The React Native SDK supports both camelCase and snake\_case method names, aligned with mixpanel-js conventions:

| camelCase               | snake\_case                |
| ----------------------- | -------------------------- |
| `areFlagsReady()`       | `are_flags_ready()`        |
| `getVariant()`          | `get_variant()`            |
| `getVariantSync()`      | `get_variant_sync()`       |
| `getVariantValue()`     | `get_variant_value()`      |
| `getVariantValueSync()` | `get_variant_value_sync()` |
| `isEnabled()`           | `is_enabled()`             |
| `isEnabledSync()`       | `is_enabled_sync()`        |
| `getAllVariants()`      | `get_all_variants()`       |
| `getAllVariantsSync()`  | `get_all_variants_sync()`  |
| `loadFlags()`           | `load_flags()`             |
| `updateContext()`       | `update_context()`         |

## Frequently Asked Questions

### What if I'm not receiving any flags on SDK initialization?

1. **Check your project token**:

* Ensure you're using the correct project token from your [Mixpanel project settings](/docs/orgs-and-projects/managing-projects#find-your-project-tokens).

2. **Review flag configuration**:

* Make sure your feature flag is enabled.
* Check the flag's rollout percentage.

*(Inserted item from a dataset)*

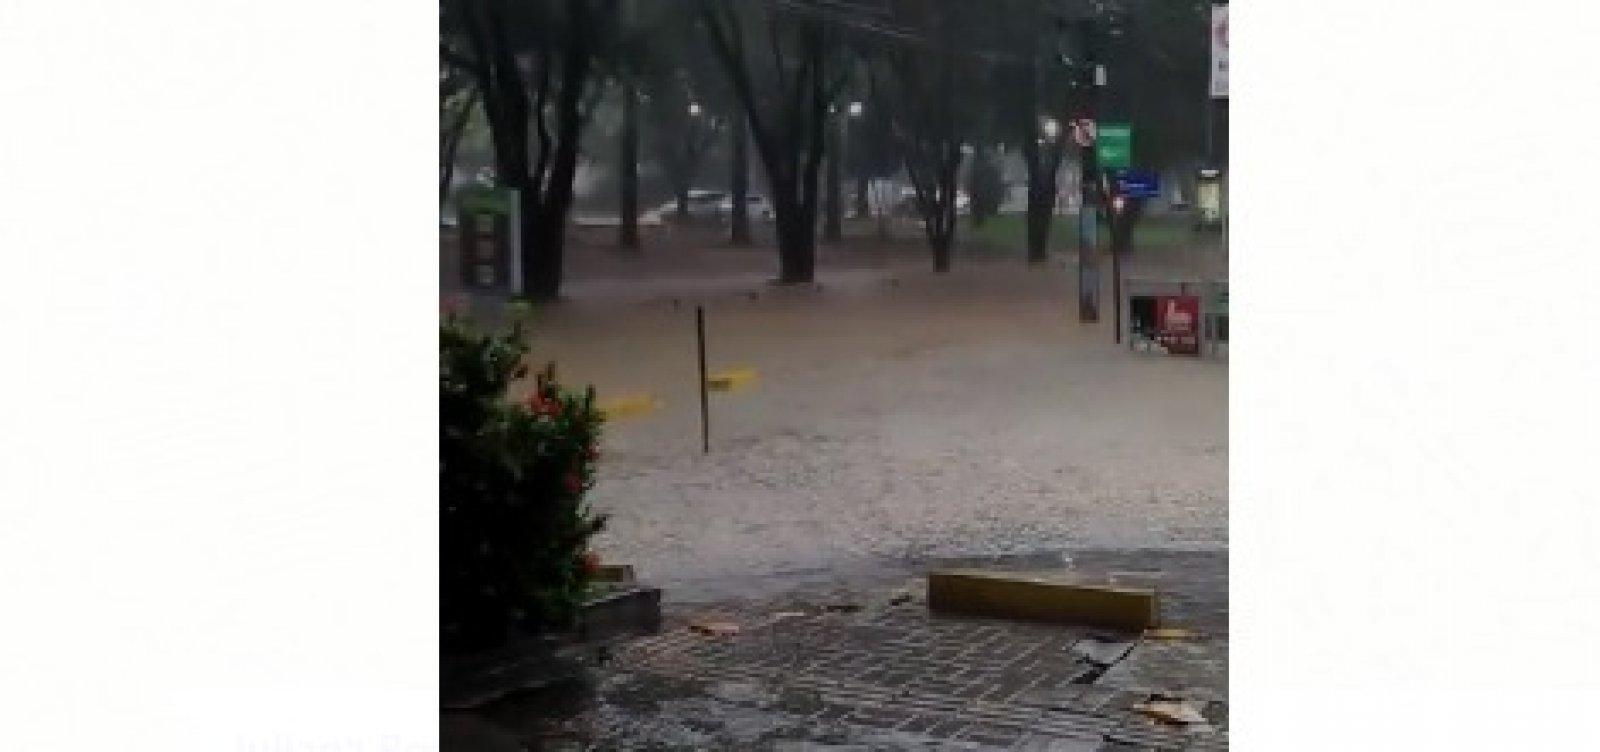 Leitor denuncia ponto de alagamento na Pituba; veja vídeo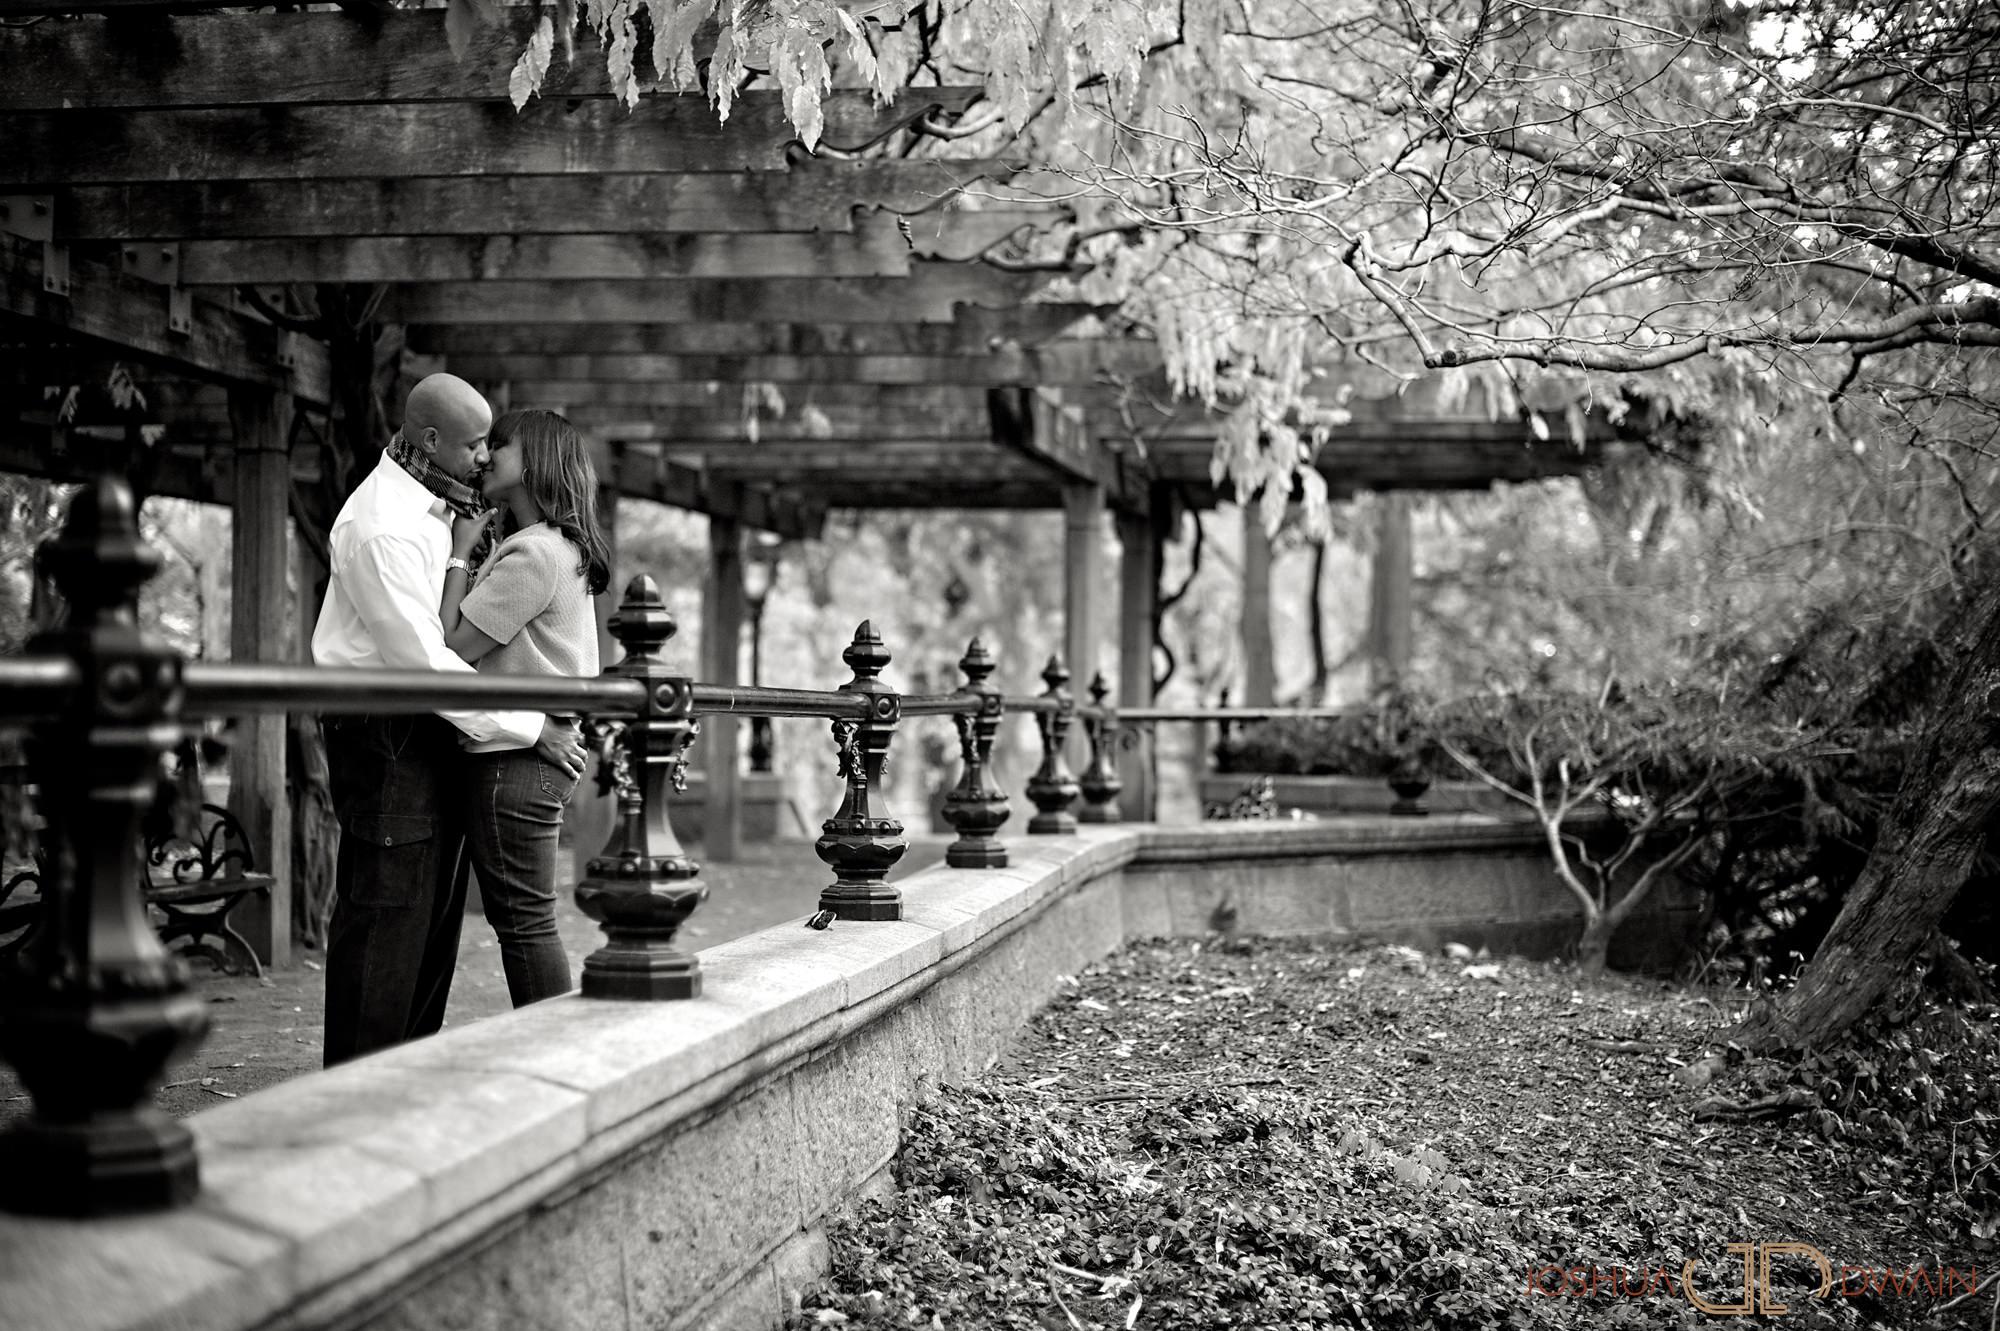 carol-shiloh-003-central-park-new-york-city-engagement-photographer-joshua-dwain-06

User contexts that are not assigned to the rollout percentage will not receive flags.
* If you are using a targeting cohort, verify on the Mixpanel 'Users' page that the user's `distinct_id` is a member of that cohort.

3. **Review SDK parameters**:

* Ensure `featureFlagsOptions` with `enabled: true` is passed to `init()`.
* If using a custom Variant Assignment Key, ensure it is included in the `context` object.
* If using Runtime Targeting, ensure all properties used in targeting are included in the `custom_properties` object within `context`.

4. **Check flags readiness**: Use `areFlagsReady()` to check if flags have been loaded before using sync evaluation methods.
5. **Enable debug logging**: Call `mixpanel.setLoggingEnabled(true)` to see detailed information about flag requests and responses.

### Which mode should I use?

* **Bare React Native apps** (iOS/Android): Use **native mode** (`new Mixpanel(token, true)`) for best performance, as it delegates to the optimized native SDKs.
* **React Native Web**: Use **JavaScript mode** (`new Mixpanel(token, true, false)`).